# SureFire M6 - What Aluminium Alloy is it ?



## petrev (May 5, 2006)

Hi All

Does anyone know exactly what Aluminium Alloy the M6 is made from ?

?

Is it possibly 6082 - HE30
Is it possibly 2014 - T6

or . . .

Anybody know the definitive answer ?

Cheers Pete


----------



## oldskoolmc (May 5, 2006)

7075 T6 aluminum alloy


----------



## petrev (May 5, 2006)

oldskoolmc said:


> 7075 T6 aluminum alloy




Great - Thats a definitive spec. then ?

Cheers Pete


----------



## Boltgun (May 5, 2006)

I thought they were 6061 T6.....man they are going for the good stuff with 7075 T6

Boltgun


----------



## Flash_Gordon (May 5, 2006)

A fairly thorough search of the SF site and catalog yielded no details. No surprise there. I had always believed that they used 6061-T6 with MIL-A-8625 anodizing.

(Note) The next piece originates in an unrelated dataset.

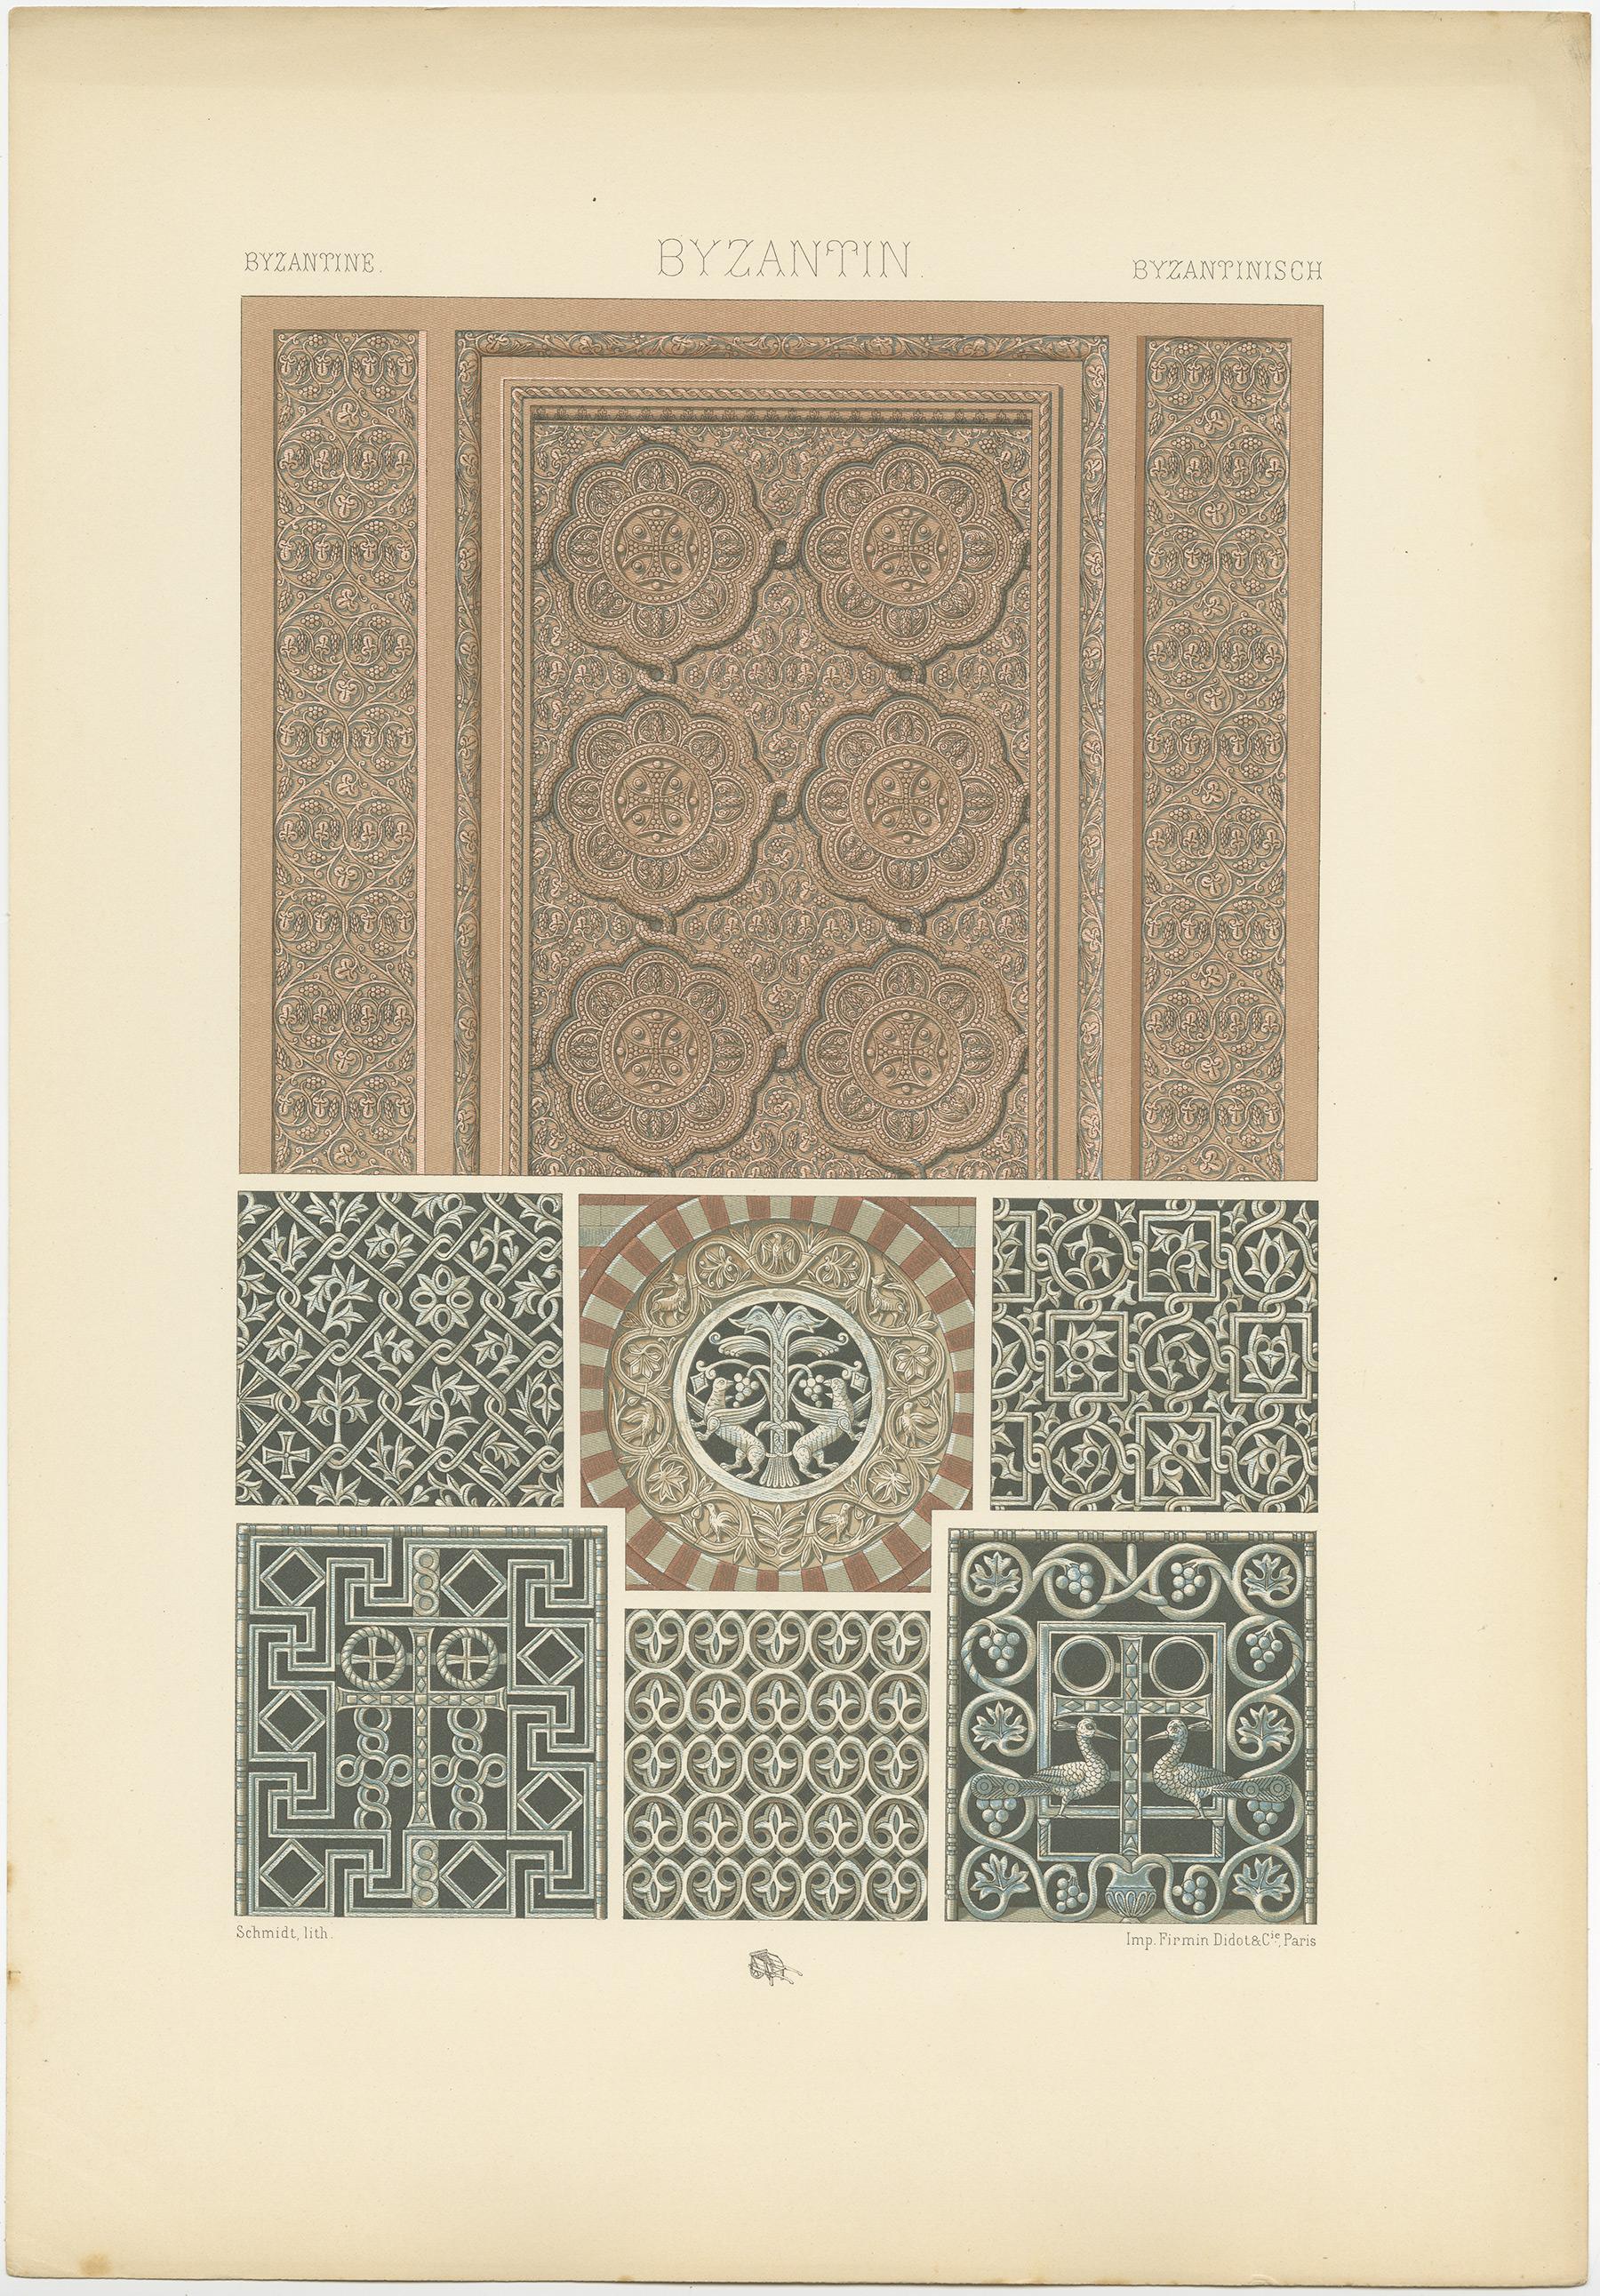 19th Century Pl. 40 Antique Print of Byzantine Architectural Motifs  by Racinet, circa 1890 For Sale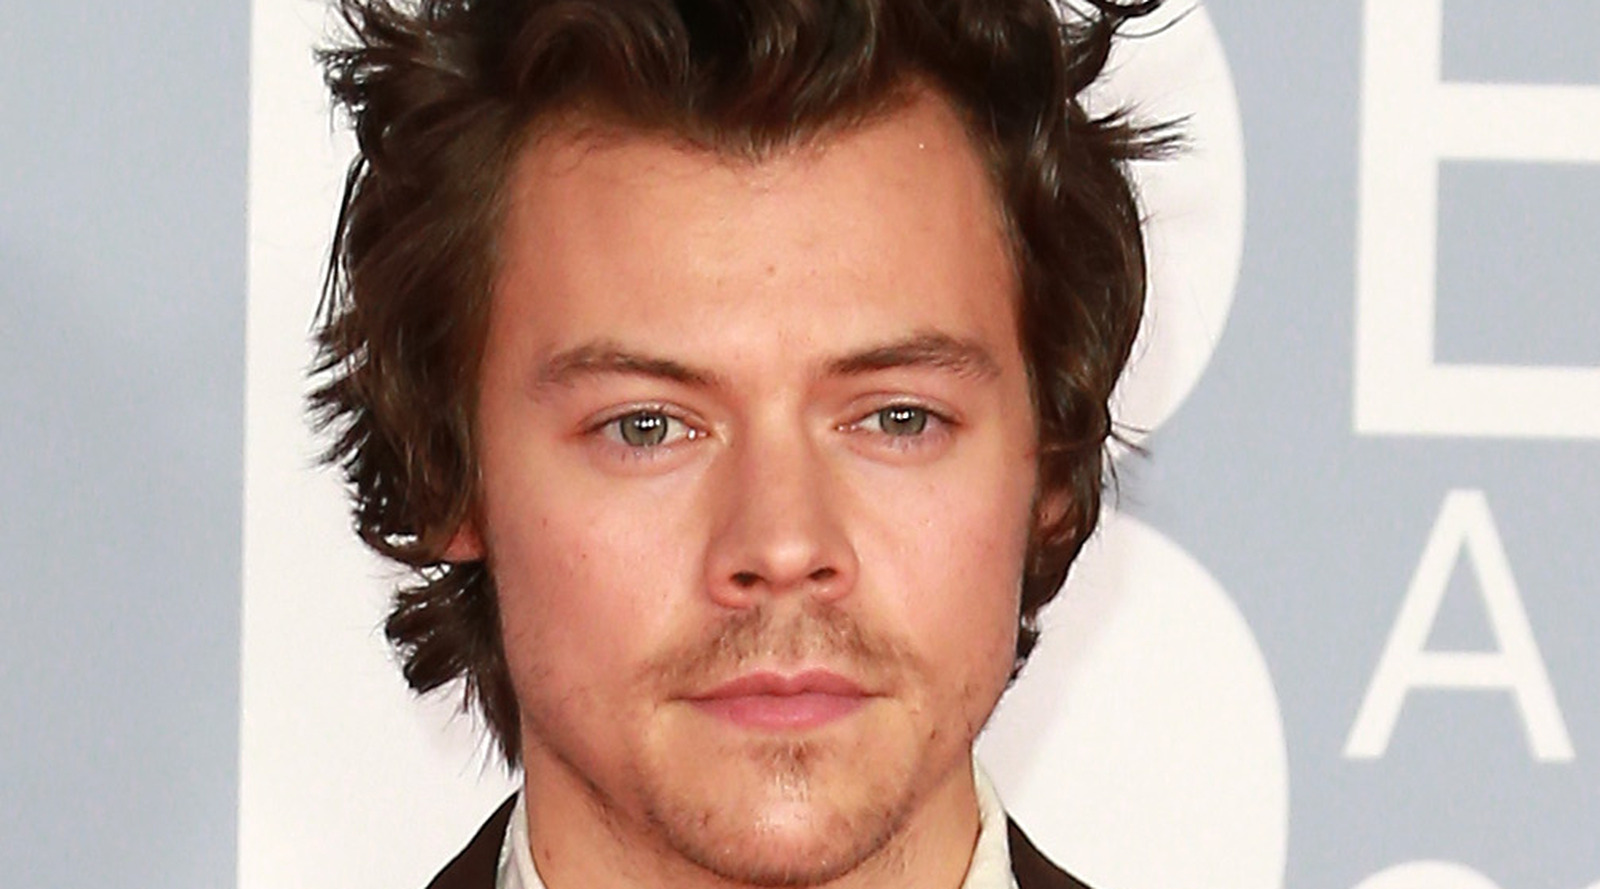 Harry Styles Confirms He Has Four Nipples, a Condition Called

7075 would be a surprising choice. 7075 would typically be used for very high stressed structural parts. Also it is quite a bit harder than 6061 which presents additional machining challenges. In addition 7075 is not particularly good at accepting applied coatings such as anodizing which 6061 does very well.

Mark


----------



## petrev (May 5, 2006)

HMMM

Still some debate here then - I had hoped we had a definitive answer.

Any more info welcome

Thanks Pete


----------